Cameroun

Propager l’information contre le sida

7 août 2008

Dans l’ouest du Cameroun, des animateurs relais, formés par une association de femmes, expliquent aux villageois les risques de certaines pratiques très répandues comme la scarification et les autopsies traditionnelles ou le lévirat.
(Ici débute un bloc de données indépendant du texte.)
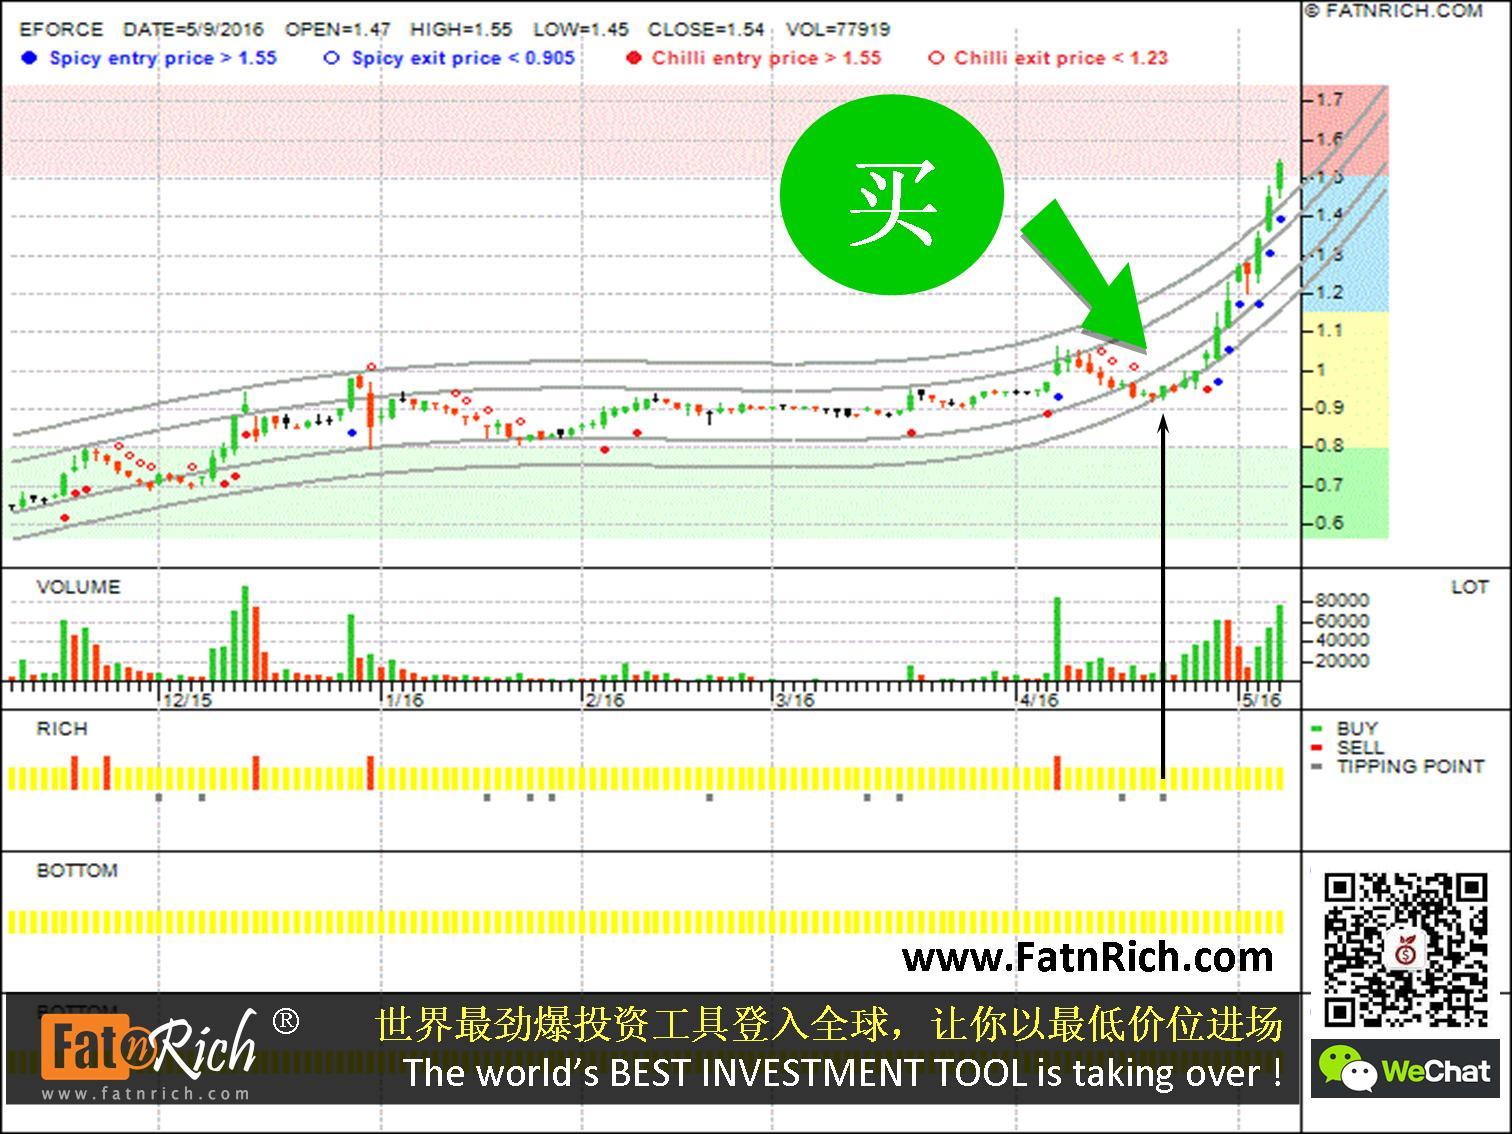 马来西亚股票力扬科技 EFORCE 0056(Excel Force Msc Berhad)

Ambiance studieuse, ce samedi de fin juin, à l’école publique de Bamessingue ville, à plus de 300 km au nord de Douala, dans la province de l’Ouest. Une vingtaine de spectateurs, dont quelques adolescents, suivent attentivement des exposés sur le VIH/sida. Sélectionnés dans les villages voisins, ils sont guérisseurs, ménagères, infirmiers, enseignants, cultivateurs, élèves, etc. Les questions fusent : « Pourquoi le moustique ne transmet-il pas aussi le sida ? » « Ne peut-on pas se servir du singe ou du moustique pour trouver un vaccin ? », André Lontsi, l’un des formateurs, répond en substance : « Retenez que le sida ne peut être transmis que par les différentes voies (sanguine, sexuelle, de la mère à l’enfant, Ndlr) que je vous ai présentées tantôt. » Il ajoute que les scientifiques ne négligent aucune piste pour découvrir un jour un vaccin.
Initiés par l’Association femmes et développement Bamessingue de Yaoundé (AFDB), ces séminaires visent à former des animateurs qui, à leur tour, en formeront d’autres dans les différents villages. L’accent est mis sur l’étroite relation entre certaines pratiques traditionnelles, comme les scarifications et les autopsies, et la propagation du virus. L’autopsie villageoise consiste à disséquer le corps d’un défunt, afin de rechercher la cause mystique du décès.
« Le département des Bamboutos compte parmi les plus touchés par la pandémie à cause de ces pratiques », explique Joséphine Pimagha, porteuse de ce projet SAVV (Scarification, autopsies villageoises et VIH/sida), soutenu par l’Institut de recherche pour le développement (IRD) et le ministère français des Affaires étrangères, dans le cadre du projet Promotion de la culture scientifique et technique (PCST).

« À pas mesurés »

À l’école publique de Bamessingue, le deuxième exposé du jour déchaîne les passions. « Vous semblez dire que ces pratiques doivent être stoppées et proscrites », lance François Saah, un participant, « pourtant vous dites aussi que notre rôle sera d’amener les gens à comprendre les dangers qu’ils encourent, afin qu’ils prennent des dispositions pour éviter de s’infecter ou de propager des maladies. Il y a là comme un paradoxe ! » Joséphine Pimagha explique la démarche : « Les réticences des chefs de village et des gardiens de la tradition nous ont obligés à revoir nos intentions. Ces pratiques sont si ancrées dans nos traditions qu’il faut s’y attaquer à pas mesurés. » L’objectif est, qu’une fois conscients des risques, les gens s’y opposent d’eux-mêmes et cessent de solliciter les scarificateurs et les praticiens des autopsies villageoises.
Honorine Ekonso, une institutrice, suggère d’orienter ceux qui vivent de ces pratiques vers d’autres activités génératrices de revenus puisqu’ils en retirent pour l’instant des gains substantiels : 30.000 à 50.000 Fcfa (45 à 75 euros) à chaque autopsie. Une idée retenue par l’AFDB, qui promet de l’intégrer à de prochaines activités.

Vers le grand public

En attendant, les formations continuent. « Nous avons observé la même soif de connaître et de partager dans les quatre sites retenus dans ce département. Nous avons formé quarante animateurs qui en formeront à leur tour vingt autres par village », se réjouit Joséphine Pimagha. Tous ont désormais la lourde tâche de faire comprendre aux populations qu’utiliser une même lame sur plusieurs personnes et manipuler du sang sans protection favorisent la contamination par le VIH. Autre pratique à risques : le lévirat, une coutume qui consiste à prendre en secondes noces l’épouse de son frère décédé, sans que les deux conjoints aient fait auparavant un test de dépistage.
La non-croyance en l’existence du virus continue également de faire des ravages. Encore aujourd’hui, certains persistent à ironiser sur le « système imaginé pour décourager les amoureux » ou à croire que la maladie résulte d’un sort jeté par un sorcier ! C’est dire l’importance de la sensibilisation à plus grande échelle, qui devrait commencer mi-août par des séances publiques dans les marchés et sur les places des fêtes dans les villages. Des prospectus seront distribués et des films diffusés. On jouera également des pièces de théâtre, avant de faire du porte-à-porte.